User:Dtr5

From Apertium
Revision as of 09:31, 15 May 2012 by Dtr5 (talk | contribs) (Config file is updated in the tool, but I keep the old one for clarity. Also, document the new field.)
Jump to navigation Jump to search

Unnamed simple dictionary insert

http://apertium.vm.bytemark.co.uk/simpledix

I am programming a little tool for inserting words into Apertium dictionaries as a university project. The tool is web-based. It aims for a standard and simple way of managing dictionaries.

By now, it can only manage the simplest of the apertium entries:

 <e>
    <par/>
 <e/>

It works like pastebin. When a user first connects the web, he is asked to upload an Apertium pair, and, if he has them, the configuration files. User gets a random identifier, that can be used for returning to this session, if not closed.

Nowadays, any user with the id can insert words, download your dictionaries and configuration files or close the session (no security policy is implemented), so keep sessions short. I will add some way to block closing sessions and inserting words.

Initialization

Upload.png

We should upload both monolingual and the bilingual files (3), choosing the apertium pair they belong to (2). The application provides with configuration files for some pairs, but you can upload your own configuration file. If you want to use a pair that is unavailable, you can uncheck (1), and manually type the pair. You must provide your own configuration for unavailable languages.

There are only 3 languages installed: es, eu and ca (although eu is badly configured). If you want to use a pair that has a common language, like es-pt, only the pt configuration file will be required.

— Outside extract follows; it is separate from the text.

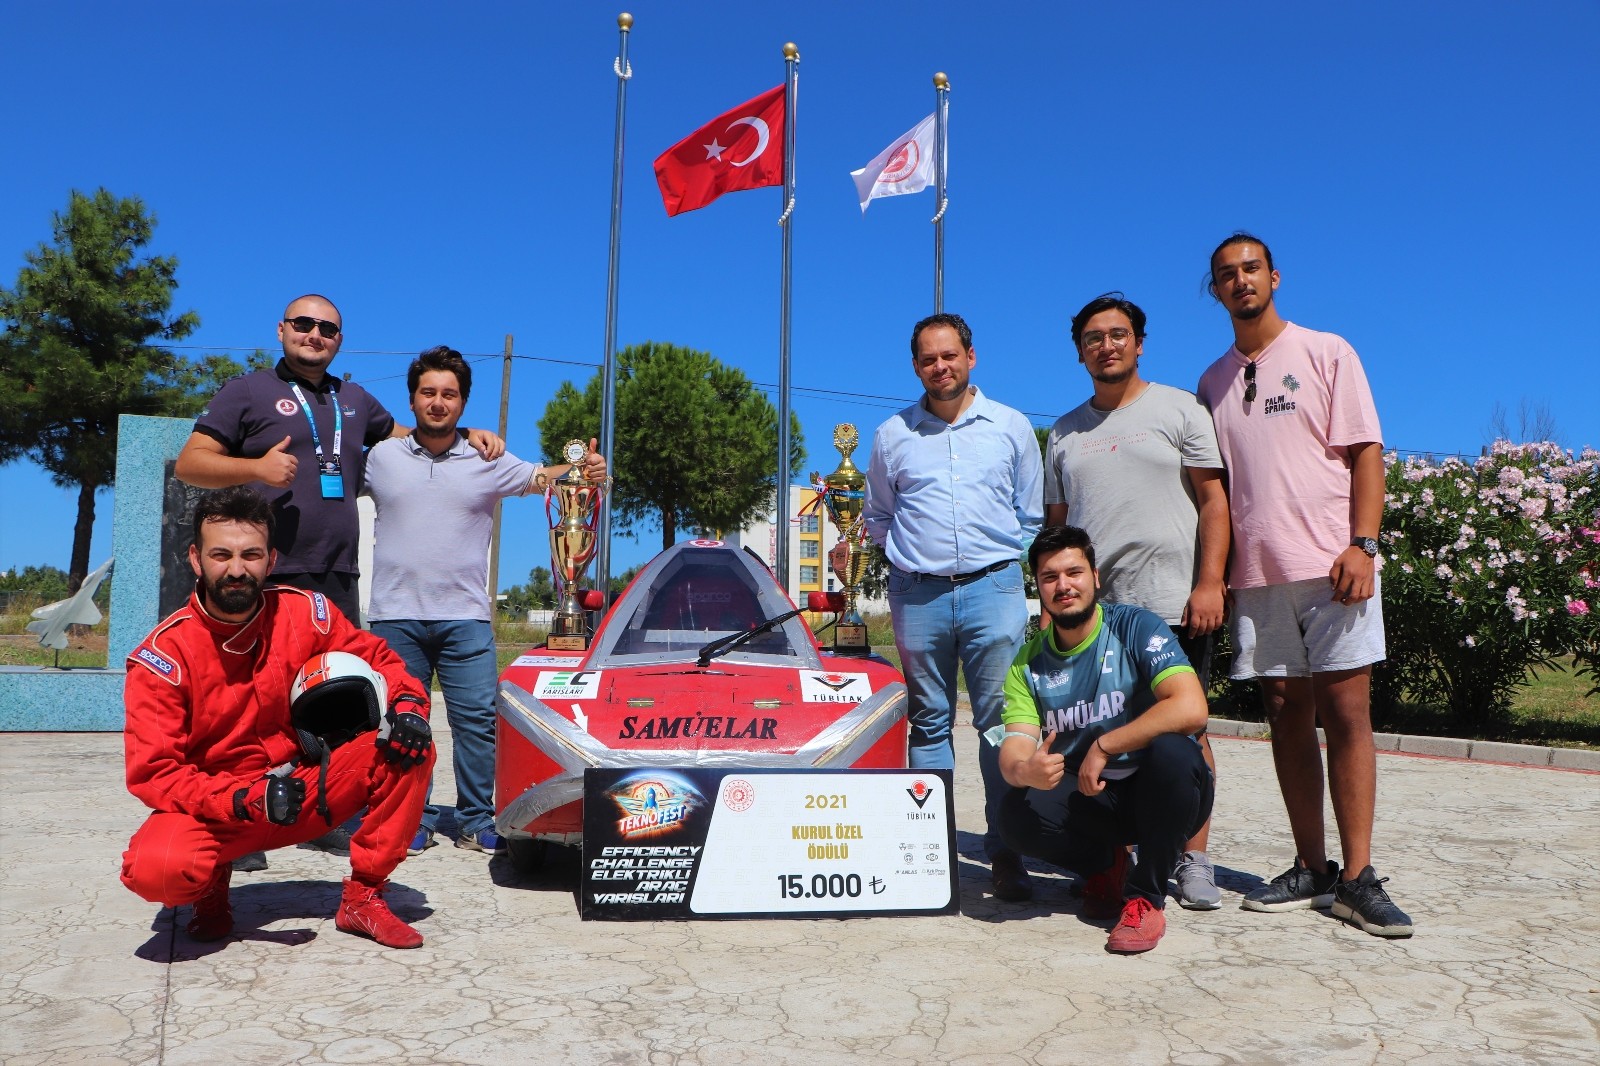 1 TL ile 250 kilometre giden elektrikli araç yaptılar,  TEKNOFEST’te 2 ödül birden aldılar

Now we can insert words into the dictionaries.

Word insertion

Insert.png

First, we can choose what translation directions should be generated (1). Usually, we want to generate only the ones, but we may generate any combination of , , and .

Words should be written in its representative form, which is defined in the configuration file (2). Then, we get a list of possible paradigms (3) for the current word. After choosing the paradigm we get some flexed forms (4) of the word (again, the ones in the configuration file).

After writing both words, the user can generate (5) the XML nodes that will be inserted into the dictionary. If one (or both) words are already defined in the monolingual dictionary, they will not be generated. If the translation is defined in the bilingual dictionary, nothing is inserted.

User should be aware that this step logic is really simple: it does not check if the translation node should be tagged as alternative or directional. It only checks if the translation exists in the dictionary. User should be as cautious as when editing dictionaries directly. For helping the user, we get all the entries of the bilingual dictionary related to both words.

Optionally, we can check if the insertions are correct (7). User can check and manually modify the insertion queries in the appearing panel.

When all the queries are generated, we can insert (6) the words into the dictionaries. Nodes are appended to the first section of the dictionaries. The application alerts the user when the insertion is done.

We can clear the form (8) if we like, but we can work over the old data.

Finally, the user can export (10) the dictionaries. This will take a while. When this operation ends, the user will get download links for the updated dictionaries.

User can close his session any time (11). It will free the user identifier, and will delete all the dictionaries and configuration files uploaded. User will be warned about this, but now any user with the id can do this.

Now, you can select the lexical category of the words (12), and you will get some information about translation nodes containing the word you are trying to insert (13).

Configuration file definition

File should be named config.lang.xml

This is an old config.ca.xml (the current one can be downloaded from the tool's upload page). Its really simple, and only handles 7 paradigms.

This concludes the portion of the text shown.